Wie ich – glaube ich (ich bin gerade zu faul, nachzusehen) – schon einmal erwähnte, in der Klasse, in der ich arbeite, hat fast jedes Kind einen Migrationshintergrund. Manche sogar mehrere. Und ich finde es sehr interessant, wie die Kinder selbst damit umgehen. Bis auf ein Kind sind sie alle in Deutschland geboren, die allermeisten leben auch schon ihr ganzes Leben in der gleichen Stadt. Und trotzdem bezeichnen sie sich häufig als kurdisch, türkisch, polnisch, ukrainisch und was es noch alles gibt. Ich selber würde das nicht so machen. Ich glaube, selbst meine Eltern sehen sich mittlerweile als Schweden mit deutschem Migrationshintergrund.

Wie kommt es wohl dazu, dass sich „meine“ Kinder als Kurden, Türken, Polen, Ukrainer et cetera sehen? Sie sind sicher stolz auf ihre Wurzeln, was ich nicht verkehrt finde. Doch es ist auch wichtig, dass sie hier verwurzelt sind. Was ich wiederum auch nicht wirklich bezweifle. Mein Mann hat mich jedenfalls neulich in der Schule besucht und fand es erstaunlich, dass die Kinder miteinander alle Deutsch reden. Ich sagte dann dazu: Naja, wie soll man das auch anders machen? Es sind viele unterschiedliche Länder. Zwar können viele Türkisch, viele Arabisch, viele Russisch. Aber eben nicht alle jede Sprache. Und so wird eben Deutsch gesprochen. Darüber hinaus würden die Lehrer, so denke ich zumindest, eh einschreiten, wenn die Kinder etwas anderes sprechen als Deutsch.

Oh, und ich finde übrigens manchmal auch sehr witzig, wie die Kinder mit ihrer Nichtdeutschheit umgehen. Einer der türkischen Jungen hat als Spitznamen einen urdeutschen Vornamen, da muss ich jedes Mal kichern, wenn ich das höre.
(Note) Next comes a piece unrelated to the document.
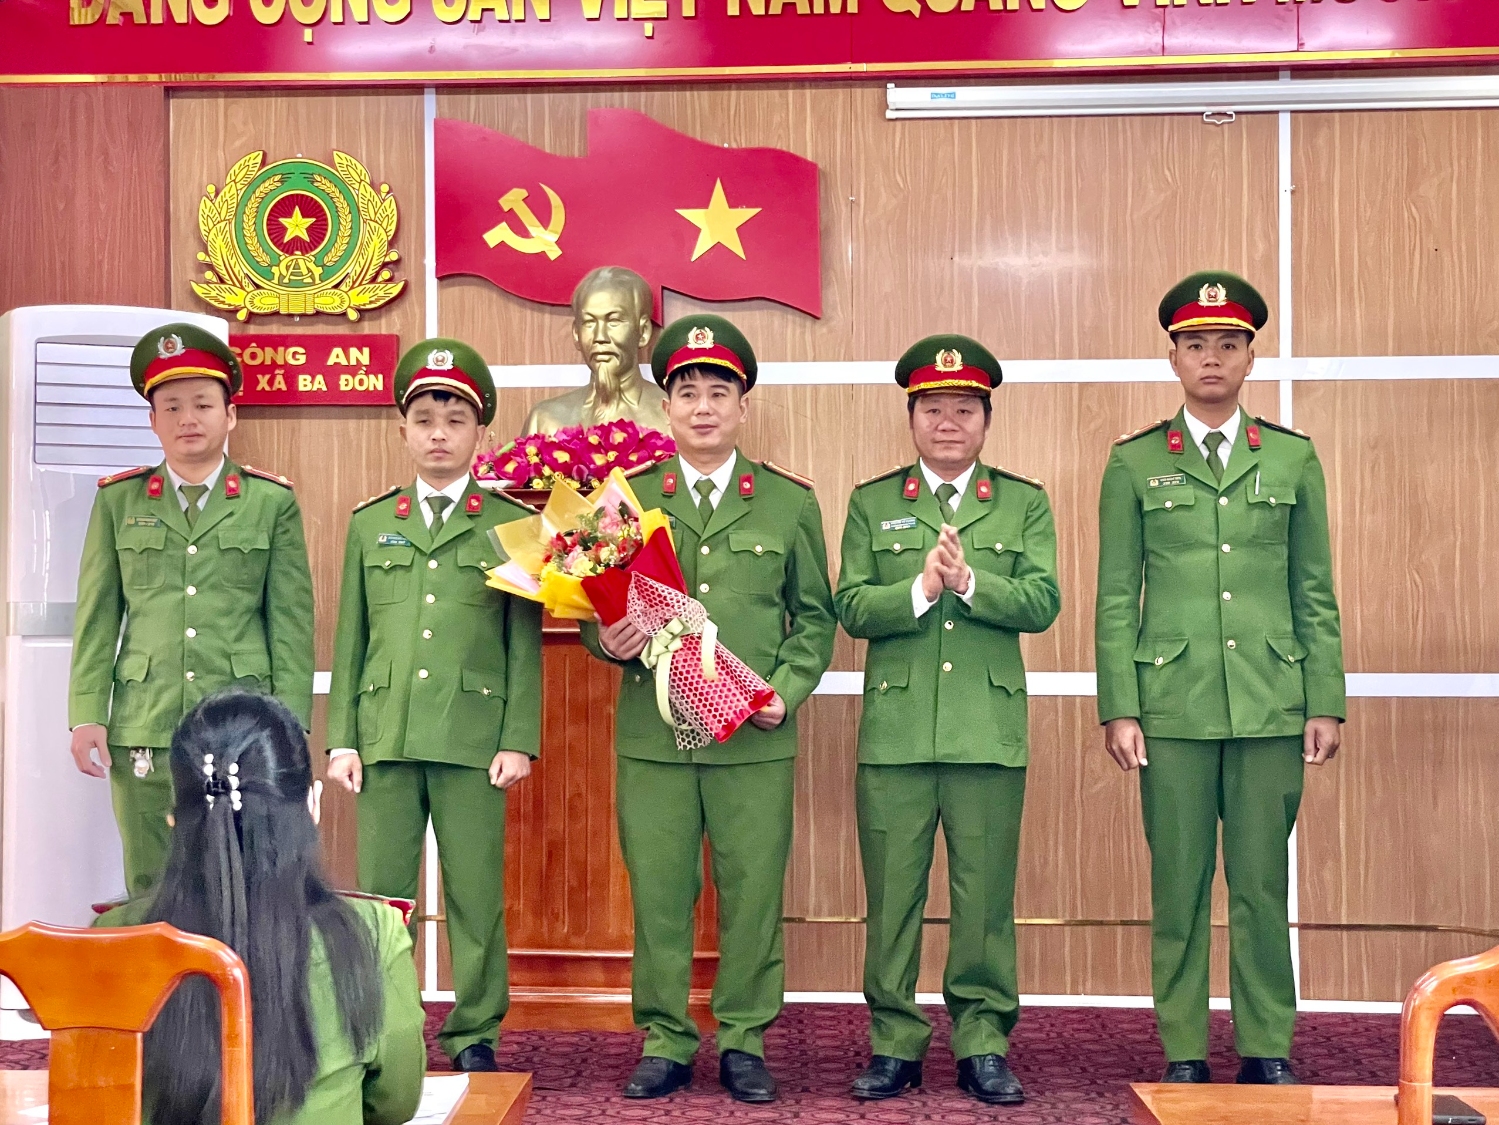 Đồng chí Thượng tá Nguyễn Vũ Cương – Trưởng Công an thị xã đã chúc mừng Đội Kỹ thuật hình sự.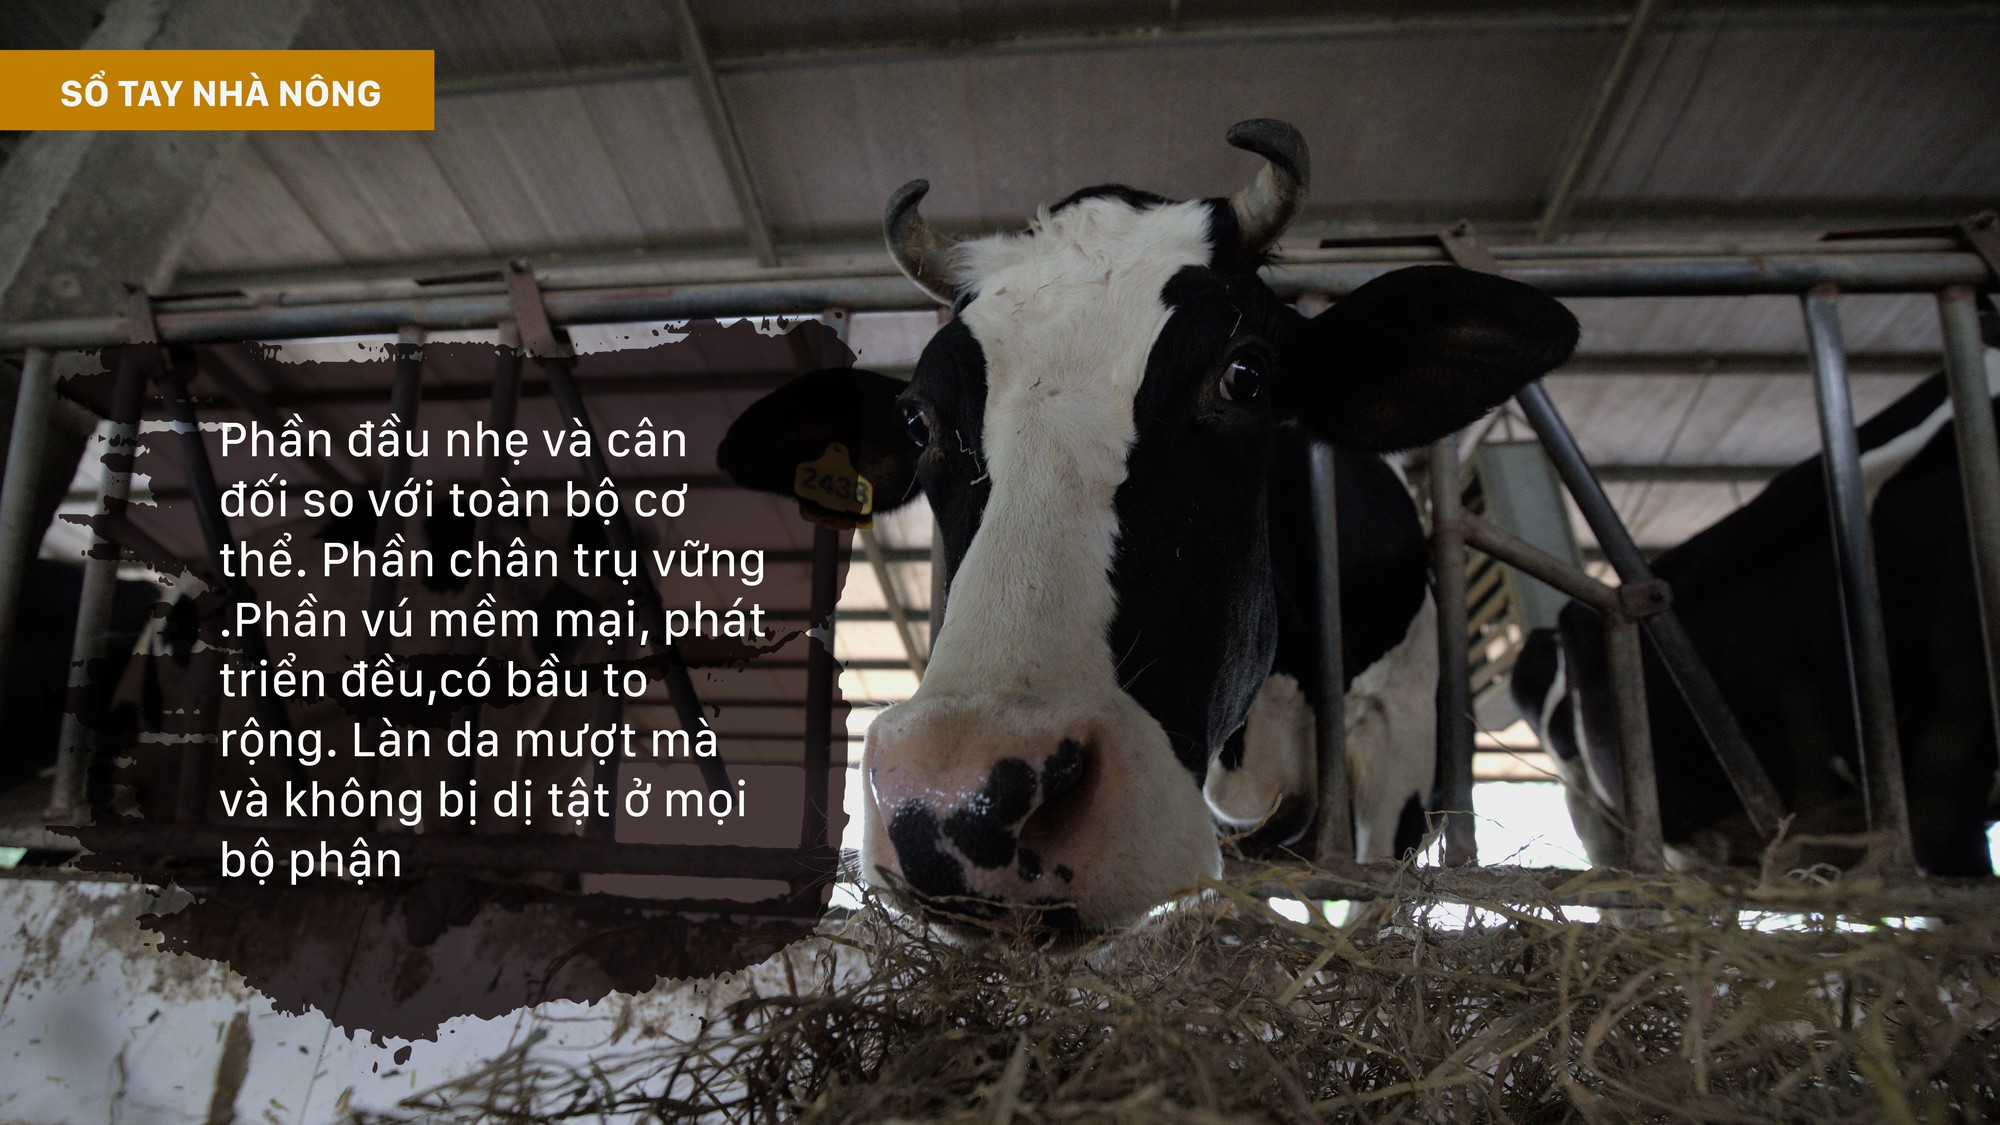 SỔ TAY NHÀ NÔNG: Những yếu tố ảnh hưởng đến chất lượng và sản lượng sữa bò - Ảnh 2.

Tagesordnungspunkt 2: Karneval

Vor ungefähr einem Monat hatten die Kinder eine Faschingsfeier. Ich war genau an dem Tag krank (Bronchitis, uah), konnte den folgenden Montag aber recht genau erfahren, was sich alles an dem Tag ereignet hatte. Seit dem Montag haben wir auch eine neue Schülerin, der sich natürlich erst mal alle vorgestellt haben. Dazu gehörte beispielsweise, dass die Kinder sagen, was sie mögen oder nicht mögen. Und einer der Winzlinge sagte dann: „Ich bin traurig, wenn sich mein bester Freund als Nutellaglas verkleidet.“ Ich musste lachen. (Und ja, der Betreffende hatte sich tatsächlich als Nutellaglas kostümiert.)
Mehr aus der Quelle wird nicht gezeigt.